> _Exercise data_
○ ○ ○ ○
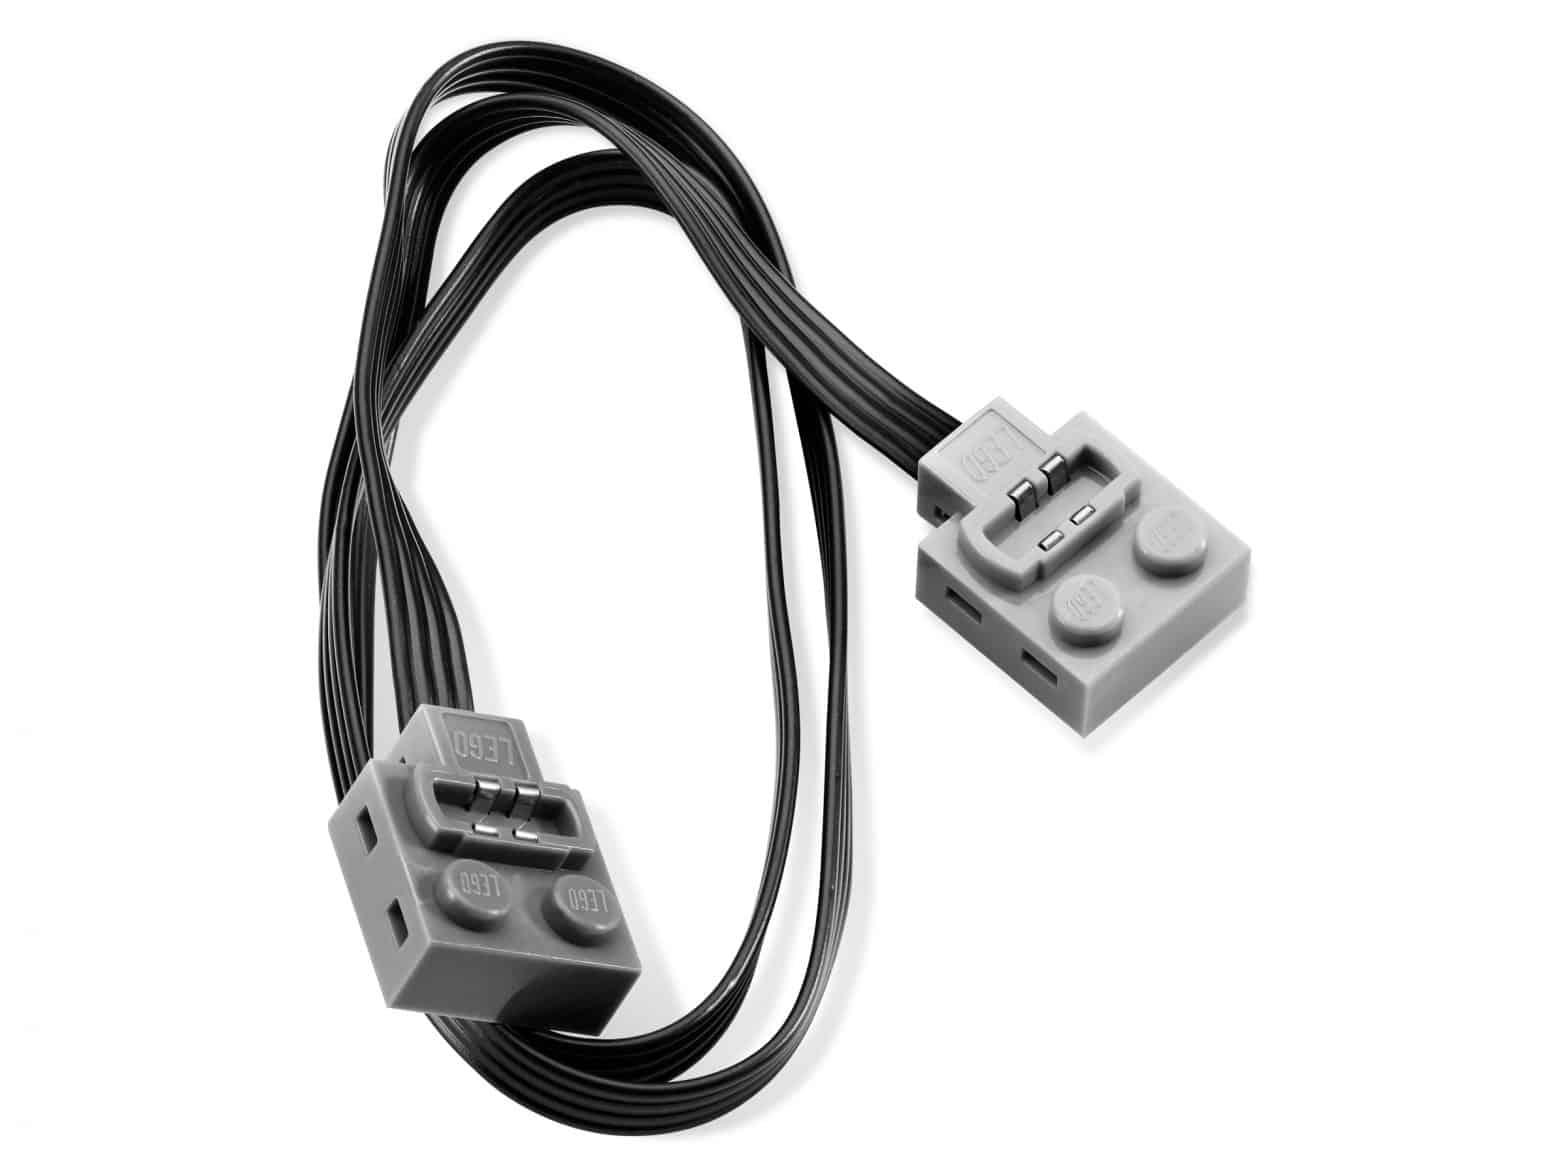 lego 8871 power functions przewod 50 cm
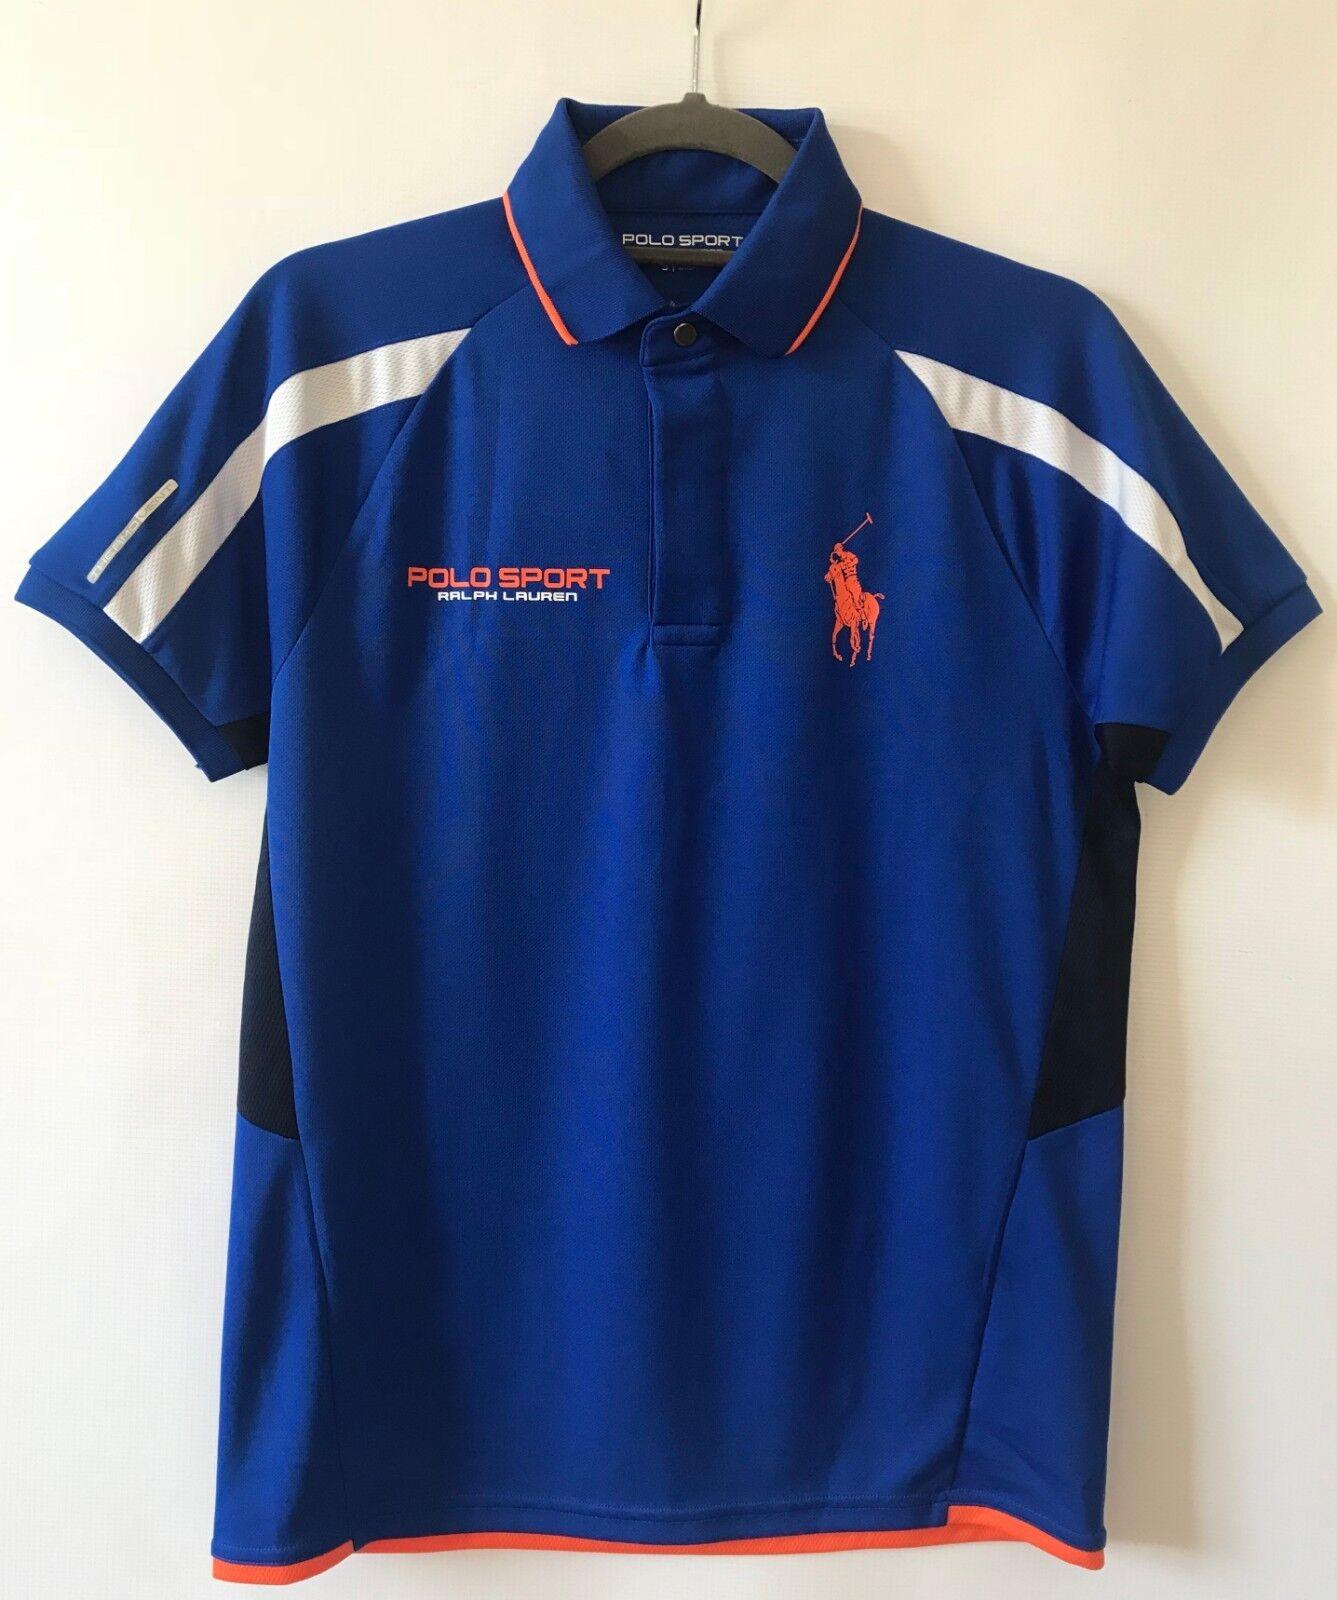 POLO RALPH LAUREN SPORT T-shirt, Blended Pique Mesh, Pacific Royal, size SMALL
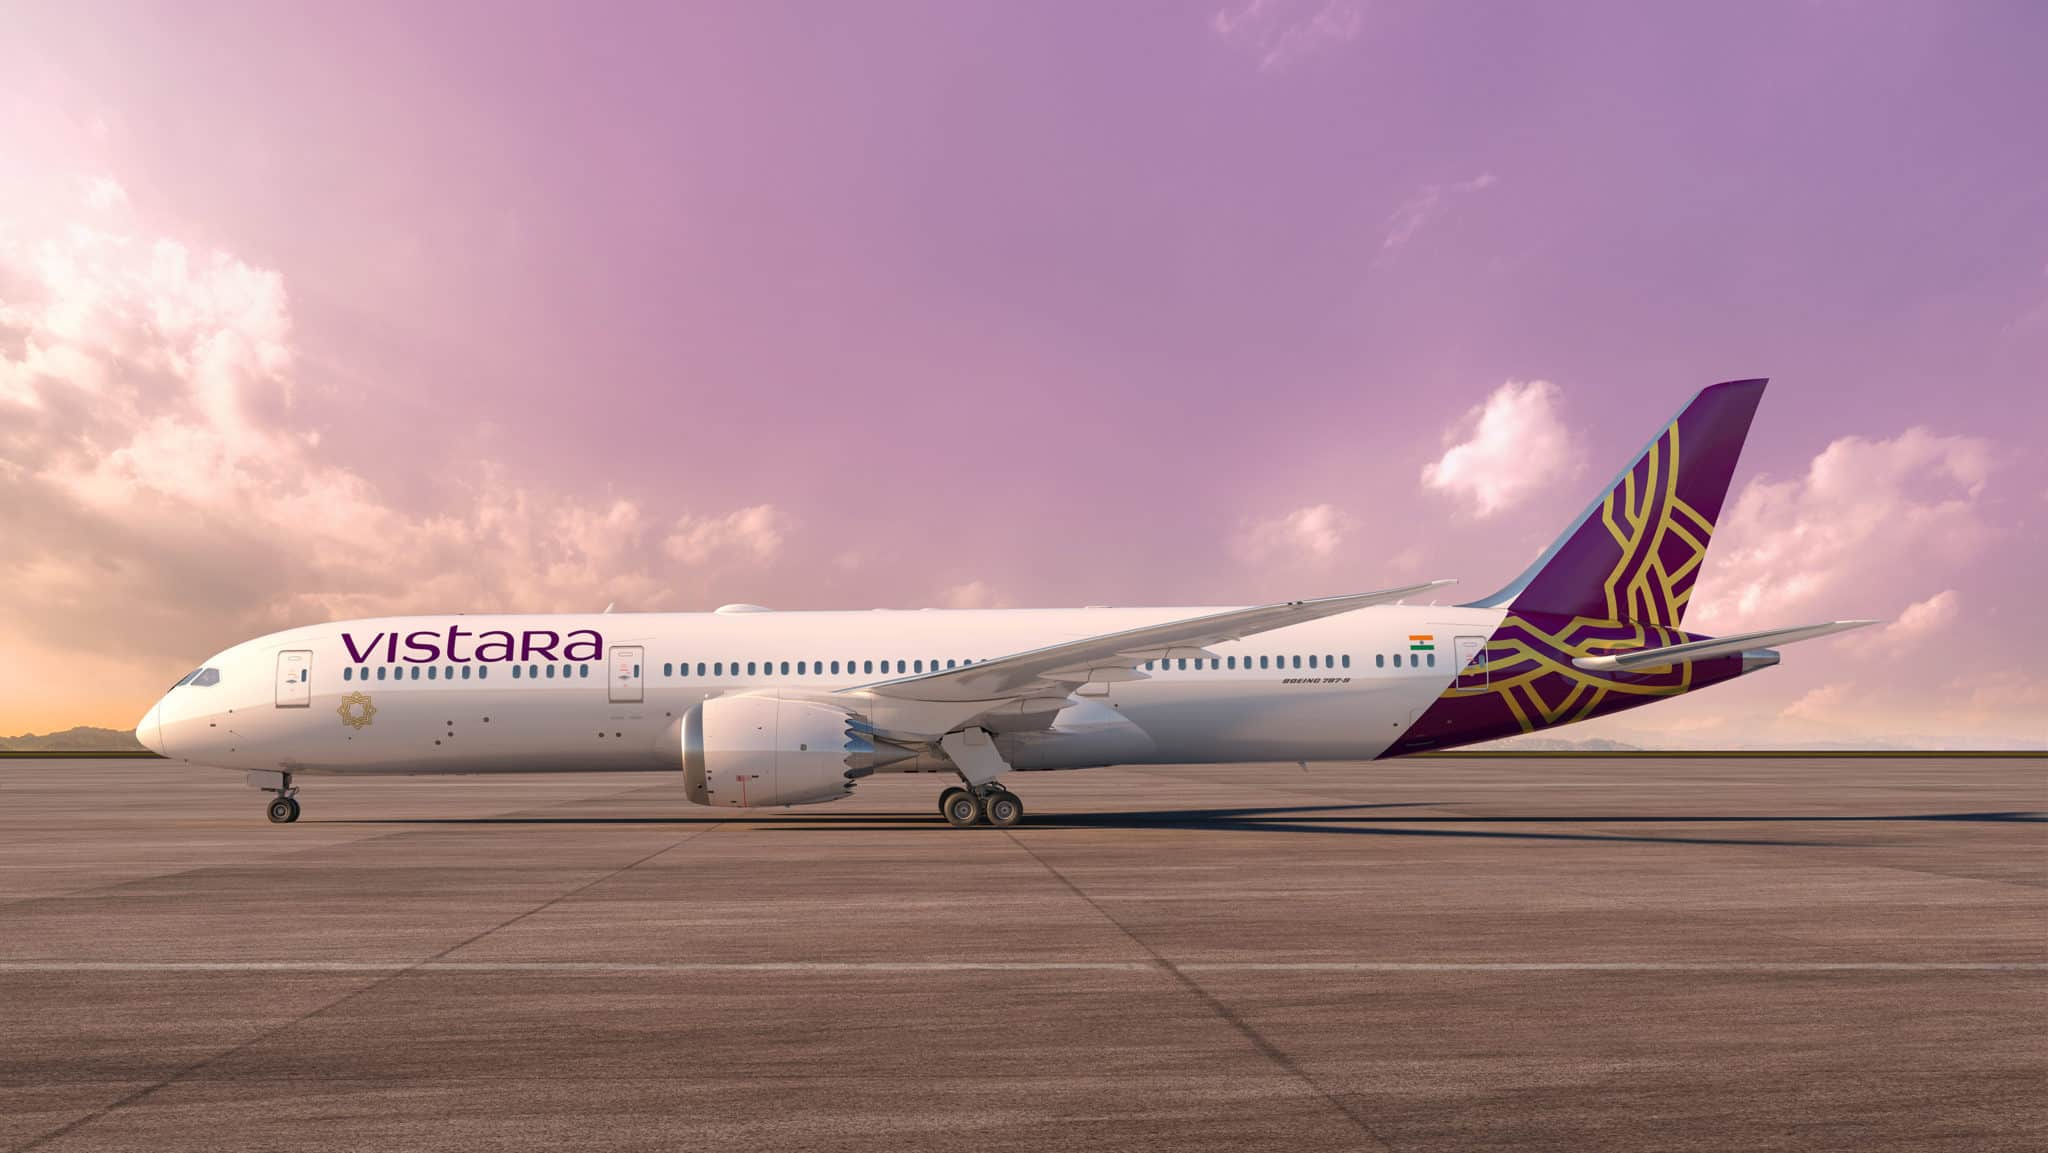 Vistara keen to start direct flights to the US
○ ○ ○ ○
Every line of the listing above is to be set down verbatim, without the pictures.

 lego 8871 power functions przewod 50 cm
 POLO RALPH LAUREN SPORT T-shirt, Blended Pique Mesh, Pacific Royal, size SMALL
 Vistara keen to start direct flights to the US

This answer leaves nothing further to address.